FYI - after we returned from our trip to Hawai'i last month, I forwarded to Dr. Hazlett, lead author of the _Roadside Geology of Hawai'i_, my photo of the Kilauea lava filed showing the slumpage cracks that are less than 25 years old  (Click here.)  He was very interested and is apparently considering including the photo in a future edition of _Roadside Geology of Hawai'i_.


----------



## nicklinneh (Sep 14, 2007)

steve-
what an informative narrative on the K geology, detailing your great pictures. I hope you'll submit more like this. I'm sad I didn't know about the Roadside book when we went to BI in June. ---ken


----------



## T_R_Oglodyte (Sep 14, 2007)

With thanks to Greg G, who posted a Picasa photo album that has exactly the pic I was missing of the connection of the Makewehi Cliffs across Shipwreck Beach.

The pic below is from Greg's Picasa photo album, taken at "Hyatt end" of the Po'ipu Point resort grounds - i.e., the other side of the resort from where I took the picture I posted above.






The rocks in the foreground of Greg's picture are  Makewehi sandstones that originally were part of the same sand dune formation that formed the cliff on the other side of Shipwreck Beach that appears just on the right edge of Greg's picture. 

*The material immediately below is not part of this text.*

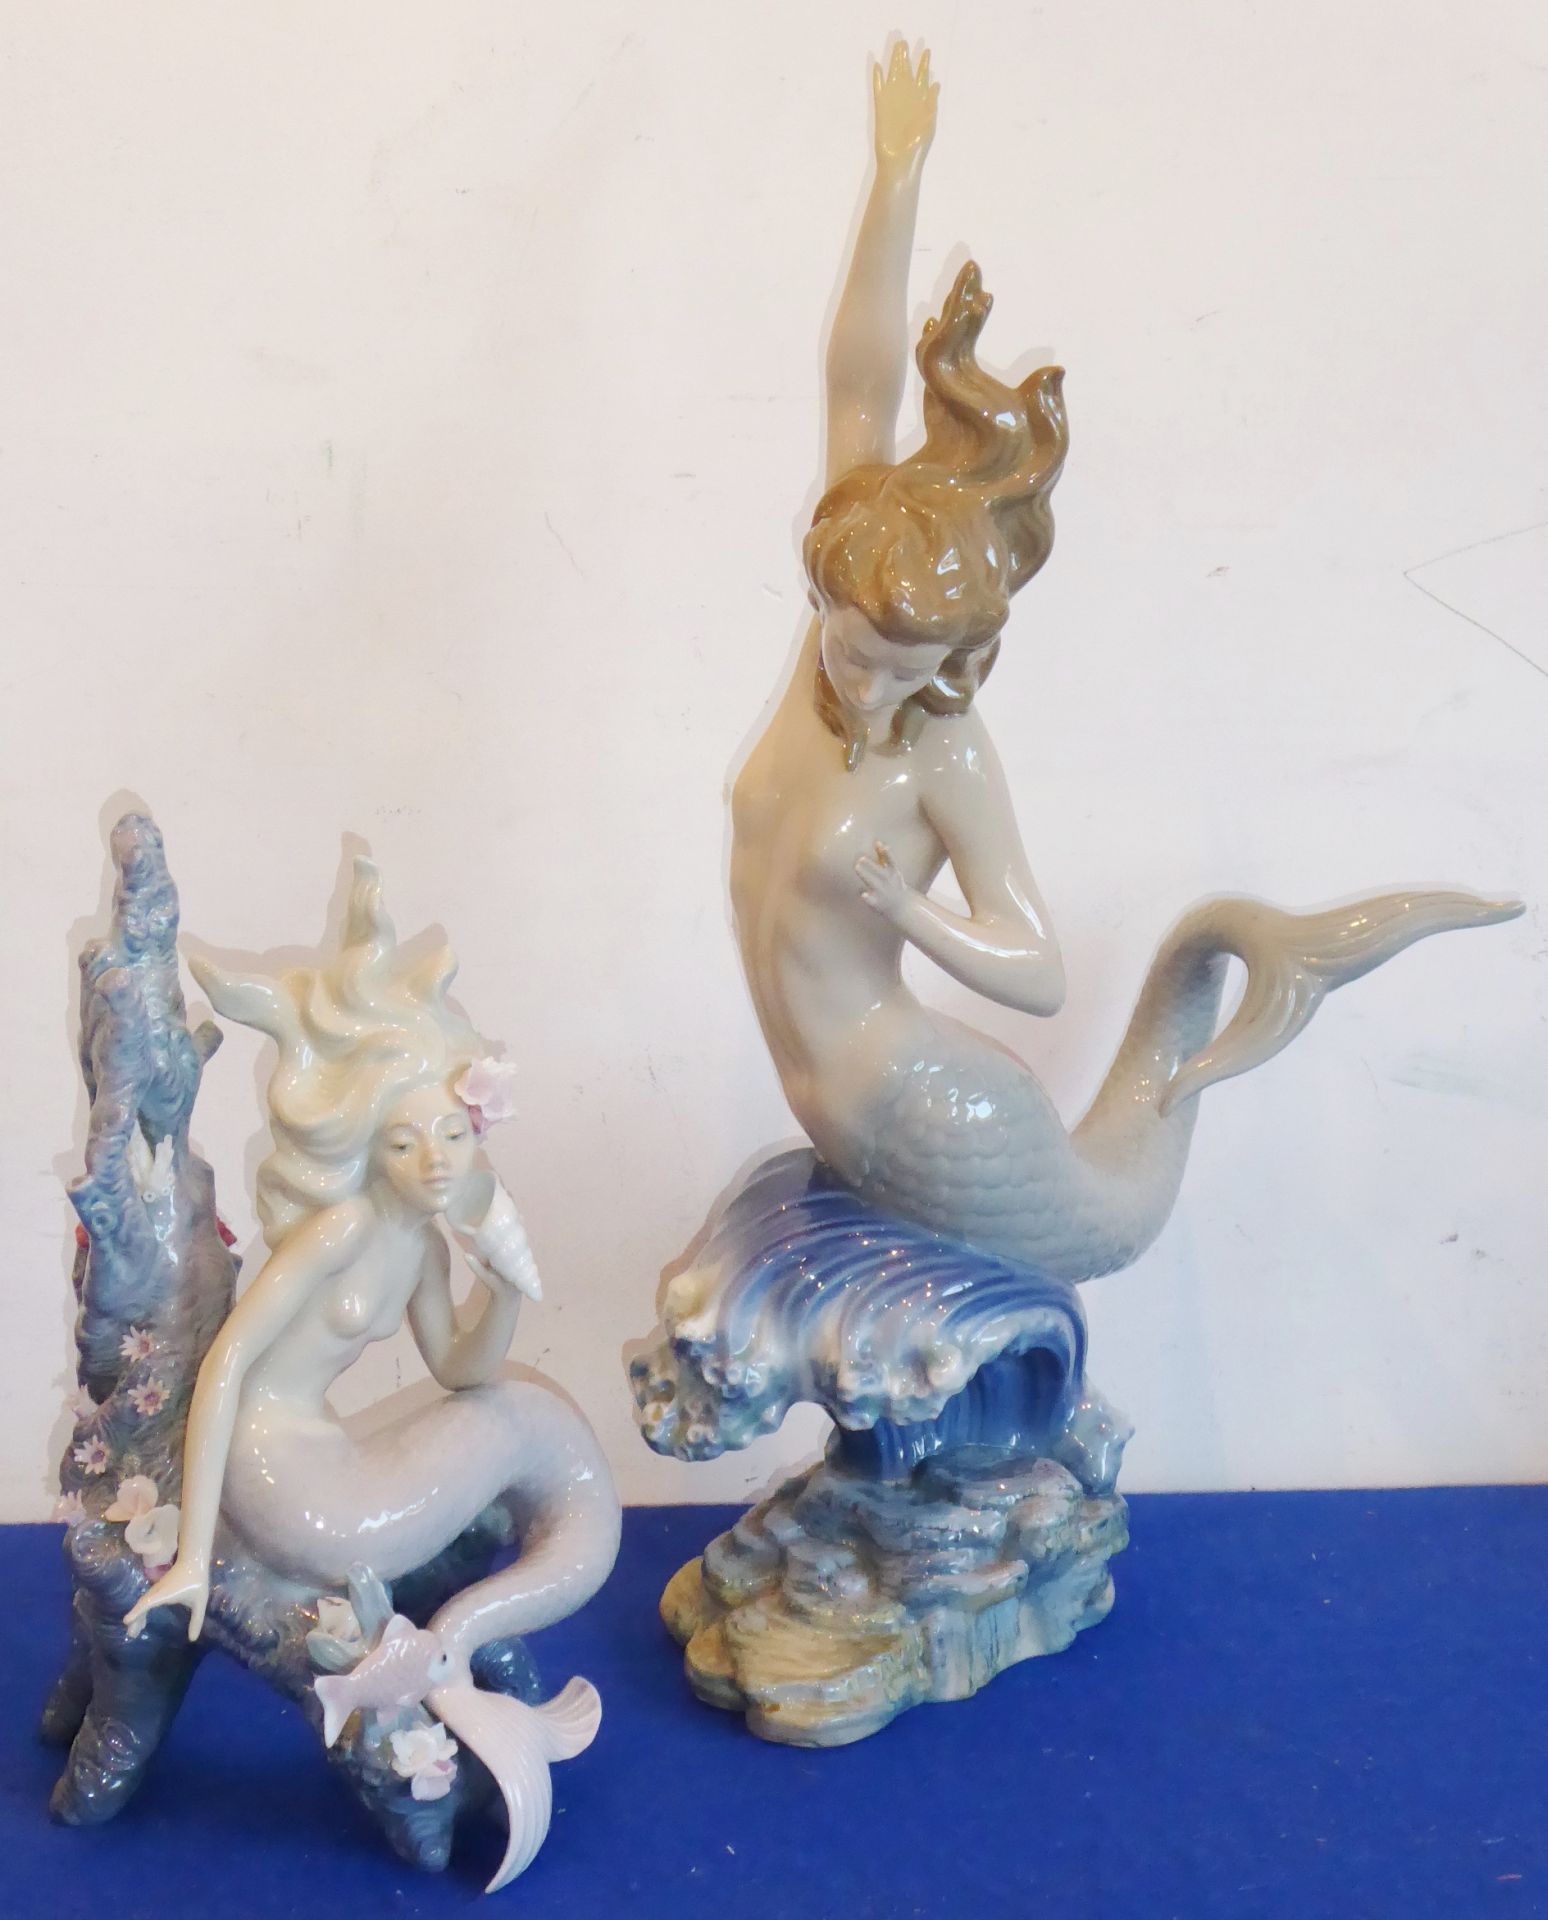 Lladro porcelain, 'Mermaid on a Wave' (No. 1347) together with 'Ocean Beauty' (No.

Shipwreck Beach was formed when the ocean breached the cliffs.  The ocean likely broke through here because this was a low spot in the dunes, as indicted the by the difference in elevation between the spot where Greg took the picture and the top of the cliff on the other side of the Bay.  Also, the Koloa lava flows behind the dunes (i.e., in front of the Hyatt) don't appear to have been as thick as they are at the Sunterra Poi'pu Point resort.  That also would have made it easier for the waves to cut a new bay where Shipwreck Beach is now. In contrast the lava between Brennecke's Beach and the Hyatt resort was thicker and resisted erosion, so that area now juts in the water as a point of land (and creating the wonderful views, with the crashing waves, and great turtle habitat).


----------



## dmharris (Nov 1, 2007)

Steve,

Thanks for this great lesson.  We were over at the Po'ipu resort for a timeshare tour and were wowed by this beach, the view, the turtles, etc.  Great to have the geological history behind it.


----------